The government of India introduced measures for the ease of FDI in the country. Some of the highlights were removal of ceiling of 40% foreign equity under FERA, introduction of the dual approval systems for FDI proposals (through an automatic approval channel for FDI in 35 priority sectors by RBI up to equity participation 51% and through formal government of India channel via FIPB/SIA). Also, existing companies could hike their foreign equity up to 51% in priority sector. The sector which attracted higher inflows was services.

India’s IT boom started in the mid-1990s after the liberalization of the Indian economy in 1991 which enabled the foreign IT companies to outsource their work to India and it in turn provided many young Indians with well-paid opportunities.

The creation of corporation called Software Technology Parks of India (STPI) provided satellite links to major IT developers which in turn enabled them to transmit the work done in India directly abroad. Companies like Oracle, GE Capital International Services, Microsoft Corp, Motorola Inc, IBM and SAP established development centres, R&D centres and software development centres.

1992-1993: Indian mining sector was opened to foreign direct investment.

1993-1994: Permission was granted to foreign investors and NRI investors to repatriate their profits and capital.

1996-1997: The upper limit for foreign equity participation under automatic approval was raised from 51% to 74% of the equity capital in select industries.  The list of industries open for automatic approval was also expanded. NRIs and OCBs (Overseas Corporate Bodies) were given automatic approval for equity in priority industries. FDI in cash and carry (wholesale) with 100% rights was allowed under the government approval route.

The first wave which contributed to the ecommerce boom now started. B2B online portals and online matrimonial and job portals were launched. The liberalization of the country’s international trade policies was the key factor that accelerated the growth of B2B online portals. The first wave of E-Commerce in India was characterized by low internet penetration, a small online shopping user base, slow internet speed, low consumer acceptance of online shopping and inadequate logistics infrastructure.

1998: Simplified procedures for automatic FDI approvals were announced by Reserve Bank of India. This in turn implied that there is no need for Indian companies to acquire prior clearance from the Reserve Bank of India for inward remittance of foreign exchange or for the issuance of shares to foreign investors.

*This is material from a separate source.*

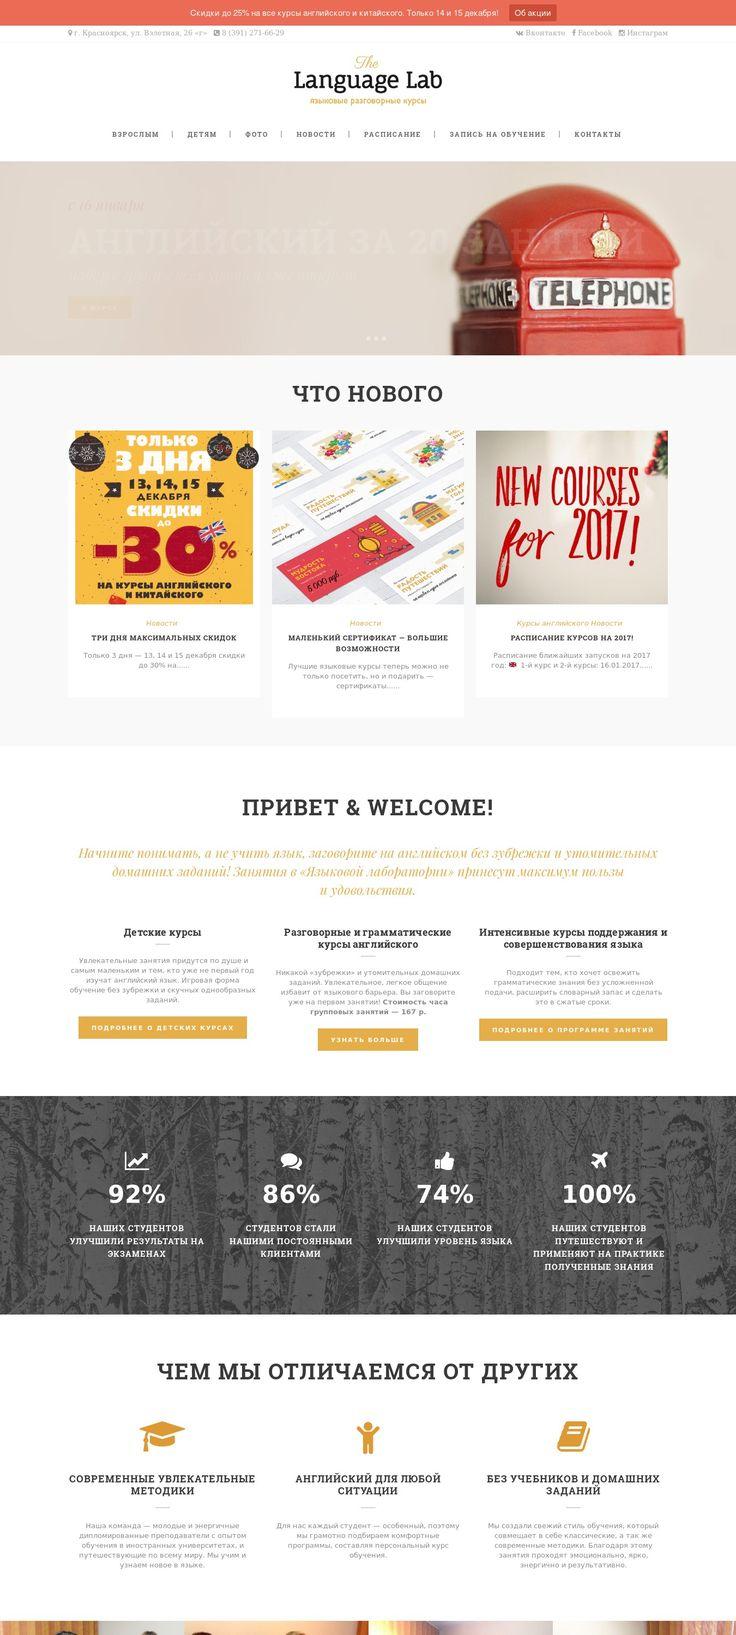 Best 25+ Wordpress template ideas on Pinterest | Php website, Php ...
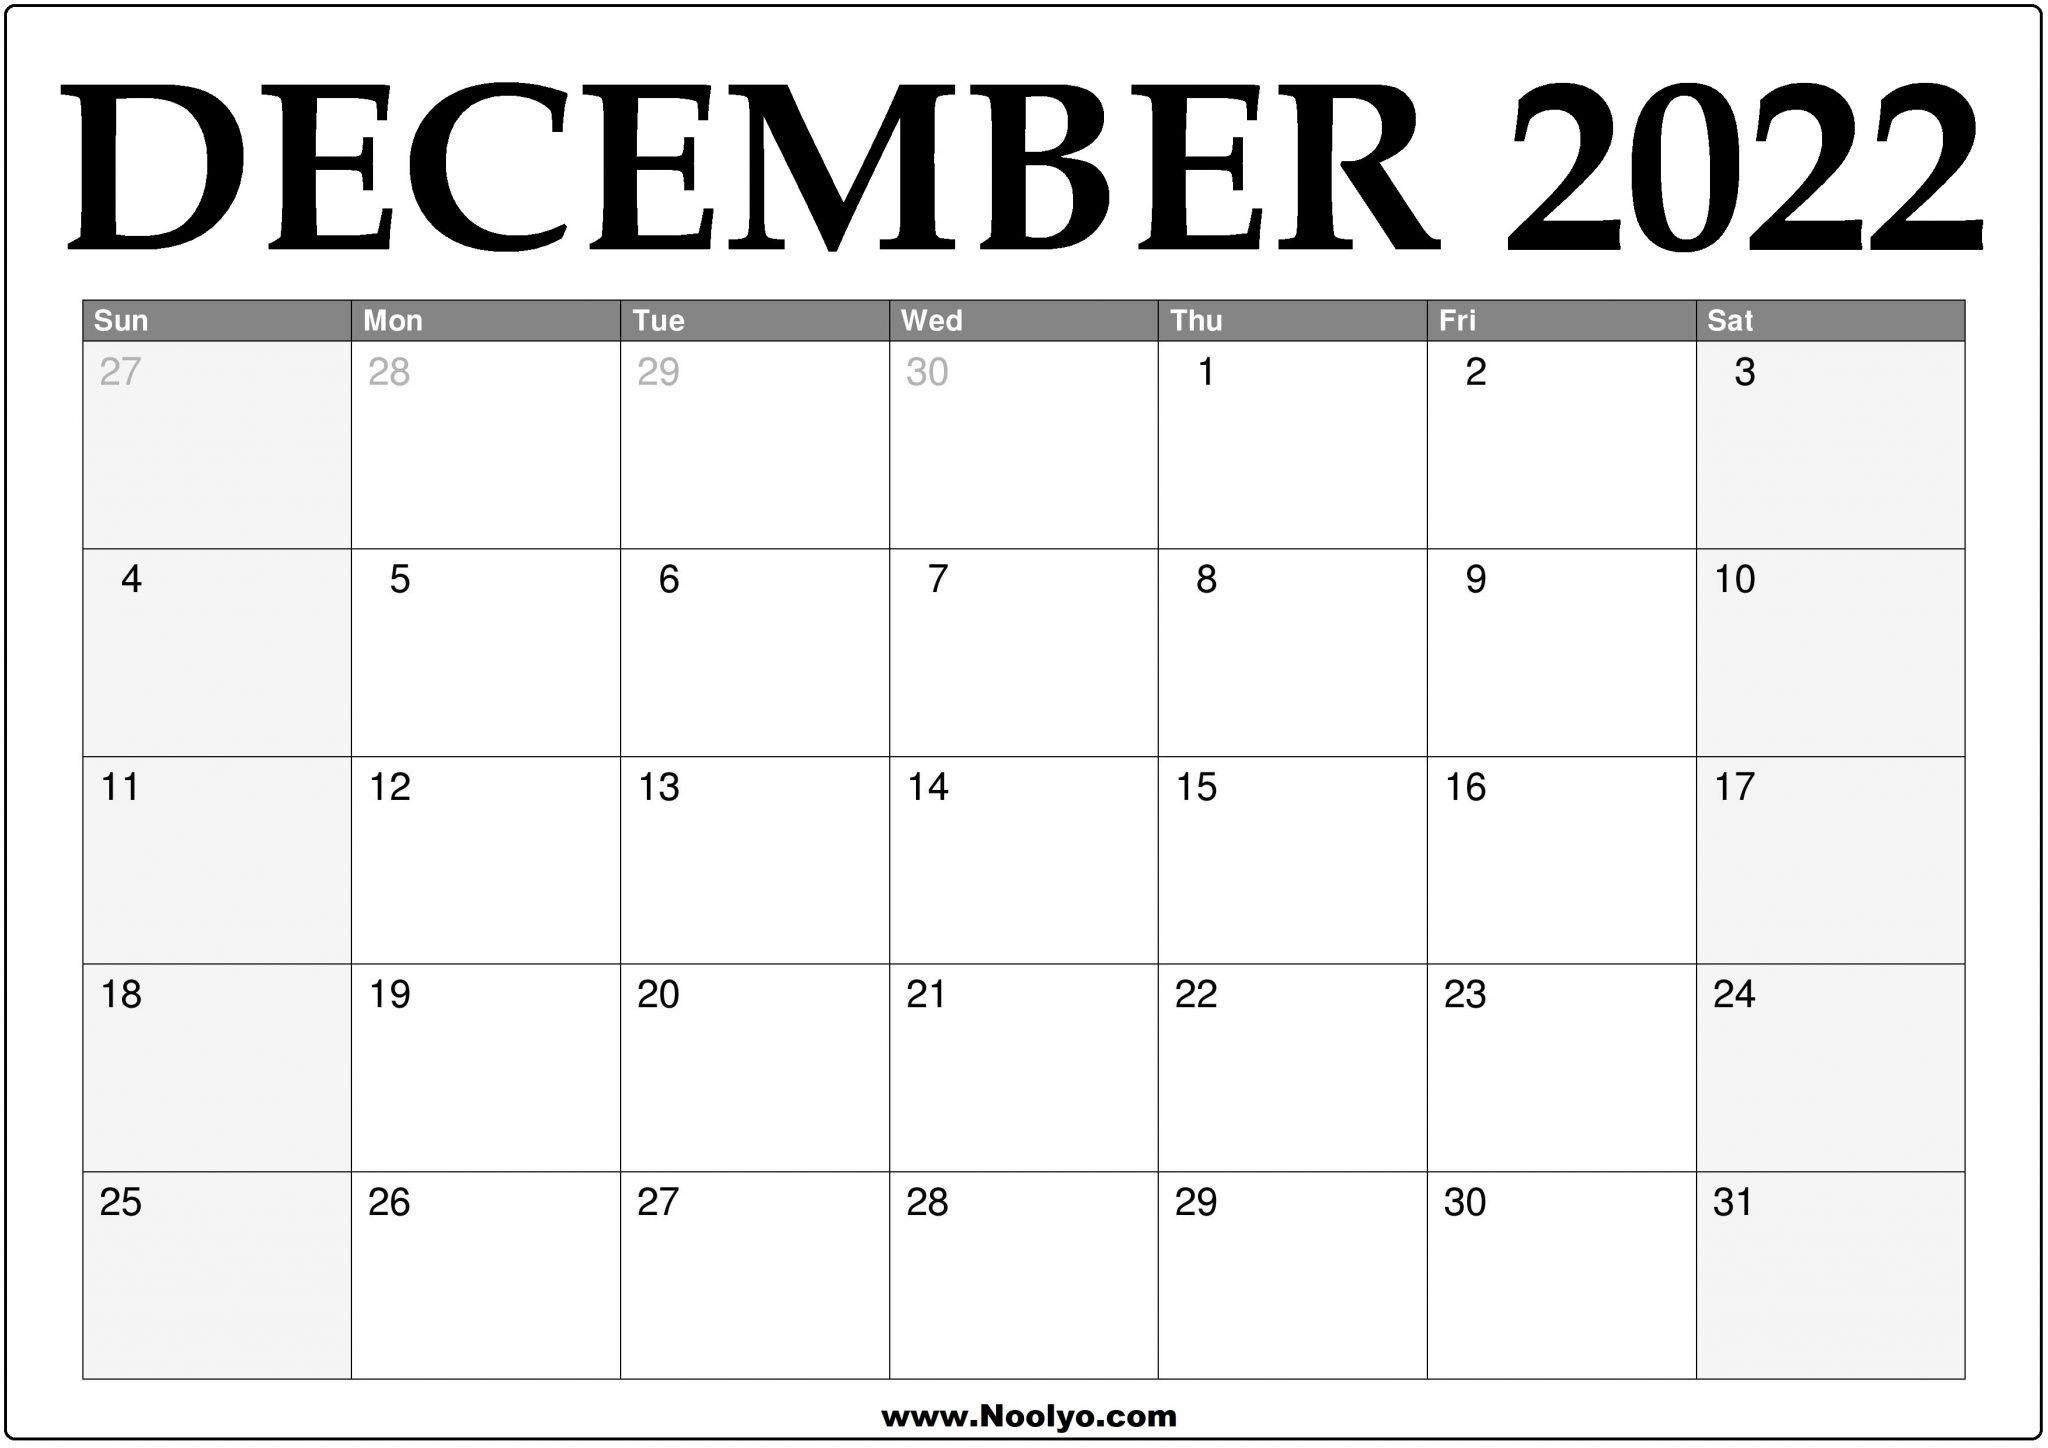 2022 December Calendar Printable - Download Free - Noolyo.com

1999: As the Indian government simplified the FDI rules, the entry of foreign brands into India became easier and more hassle free. The Dubai based Landmark group forayed into India with the Lifestyle department stores and later expanded to include Max and Home Centre. Its stores drew in the crowds, especially those from the higher income bracket and gave Lifestyle, a premium positioning.

2000s: As the 2000s approached, fear of the Y2K bug made the US corporations outsource all the equipment and upgrading work to Indians. As a result, the modification of all the codes and software, which were initially designed till a date of 1999 was to be edited and huge work was outsourced to the Indian IT industries. Accenture, Yahoo Inc, Dell, Google and Cisco opened their technology development centres, R&D centres, globalization centres. Certain companies like IBM and SAP further invested in the country.